Classification of different type of substance

a) Ductile:
The substances which elongate considerably up to plastic deformation until they break are known as ductile substances.

Example: copper, gold, iron, etc.

b) Brittle:
Those substances which break just after the elastic limit are called brittle substances. Example: glass

c) Elastomers:
Those substances that do not obey Hooke’s law within the elastic limit is called elastomer. Example: rubber

Types of Modulus of elasticity

a) Young’s Modulus of elasticity

It is defined as the ratio of normal stress to the longitudinal strain within the elastic limit.

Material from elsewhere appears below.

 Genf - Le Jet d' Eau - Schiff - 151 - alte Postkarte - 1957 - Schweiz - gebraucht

$$ Y =\frac {\text {Normal stress}}{\text {Longitudional strain}} $$

Consider a wire of length ‘l’ and radius ‘r’ as shown in the figure. If a force ‘F’ is applied along the length of the wire so that its length increases by Δl. Then,

$$ \text {Normal stress} = \frac FA $$

Where A is the cross sectional area

$$ A = \pi r^2 $$

$$\text {Longitudinal strain} = \frac {\Delta L}{L} $$

$$ Y = \frac {\frac FA}{\frac {\Delta L}{L}} $$

$$=\frac {Fl}{A\Delta L} $$

If extension produced in the wire is due to the load of mass ‘m’, then the above formula becomes

$$ F = mg$$

$$A = \pi r^2$$

$$ Y = \frac {mg}{\pi r^2} $$

b) Bulk modulus of elasticity (k)

It is defined as the ratio of normal stress to the volumetric strain within the elastic limit.

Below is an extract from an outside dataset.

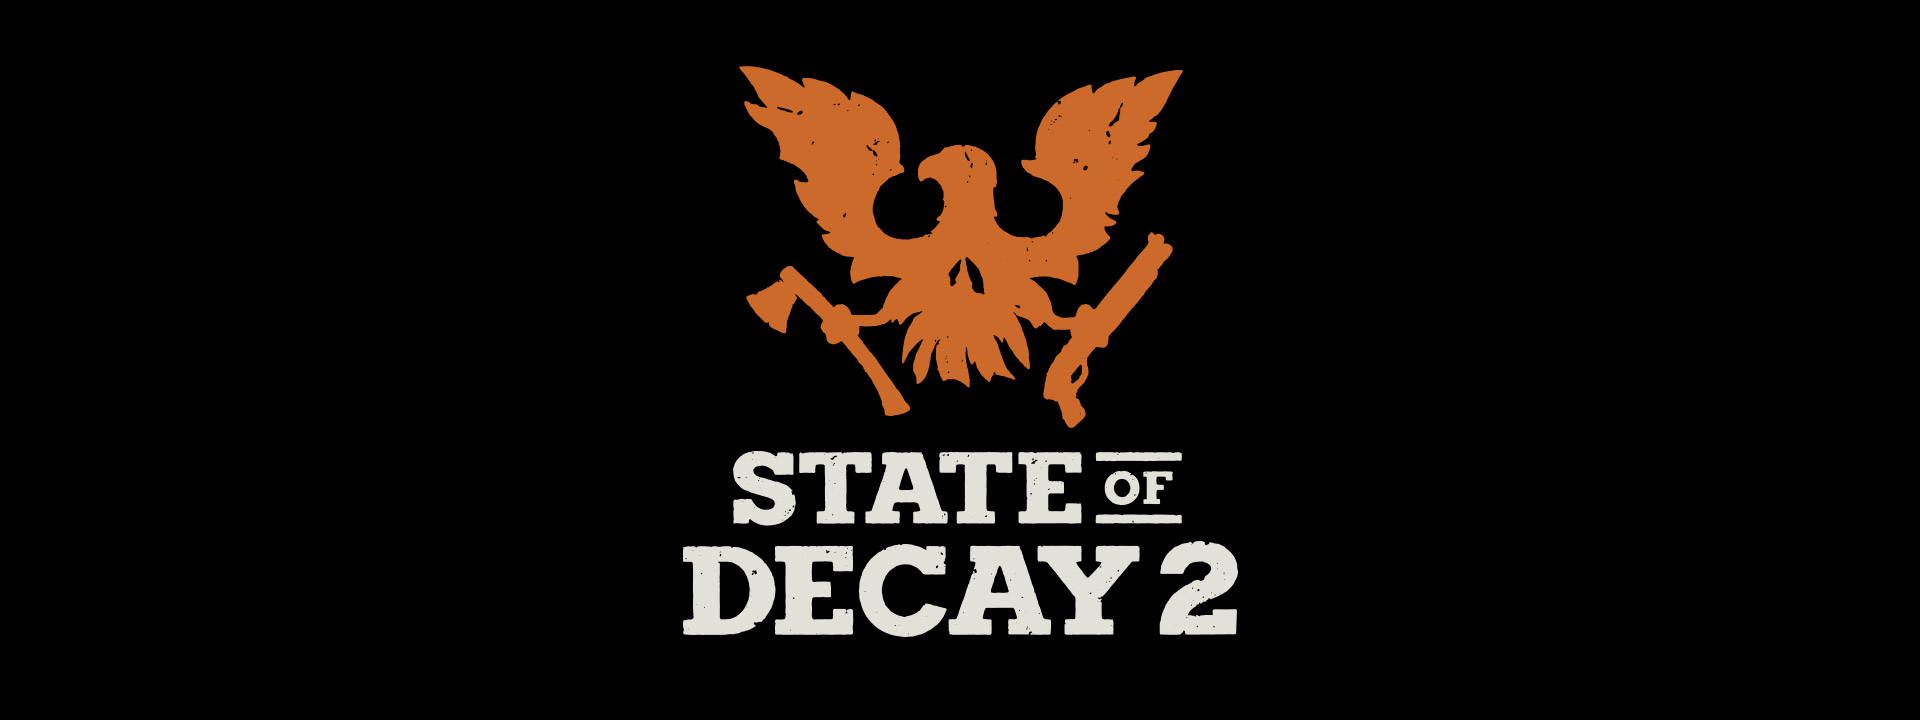 State of Decay 2 is lekker goor!

$$ Y =\frac {\text {Normal stress}}{\text {Volumetric strain}} $$

Consider a spherical object of volume ‘V’ and area ‘A’ as shown in the figure above. If a force ‘F’ is applied normally on the entire surface of the object so that its volume decreases by ΔV.

Then,

$$ \text {Normal stress} = \frac FA $$

$$ \text {Volumetric strain} = -\frac {\Delta V}{V} [-\text{ sign indicates that the volume decreases with the application of force}] $$

$$\text {Bulk modulus} = \frac {\frac FA}{\frac {\Delta V}{V}} = \frac {FV}{A\Delta V} $$

The reciprocal of bulk modulus of elasticity is called compressibility. It is denoted by ‘C’.

$$ C = \frac 1K $$

Unit of C = N^-1m²

c) Shear modulus or modulus of rigidity (η)

$$ \eta =\frac {\text {Tangential stress}}{\text {Shear strain}} $$

Consider a cubical object as shown in the figure. If a force ‘F’ is acting tangentially to the upper surface of the cube and lower surface is fixed, then,

$$ \text {Tangential stress} = \frac FA $$

$$\text {Shear strain} (\theta) = \frac XL $$

$$\eta = \frac {\frac FA}{\frac {X}{L}} = \frac {FL}{AX} $$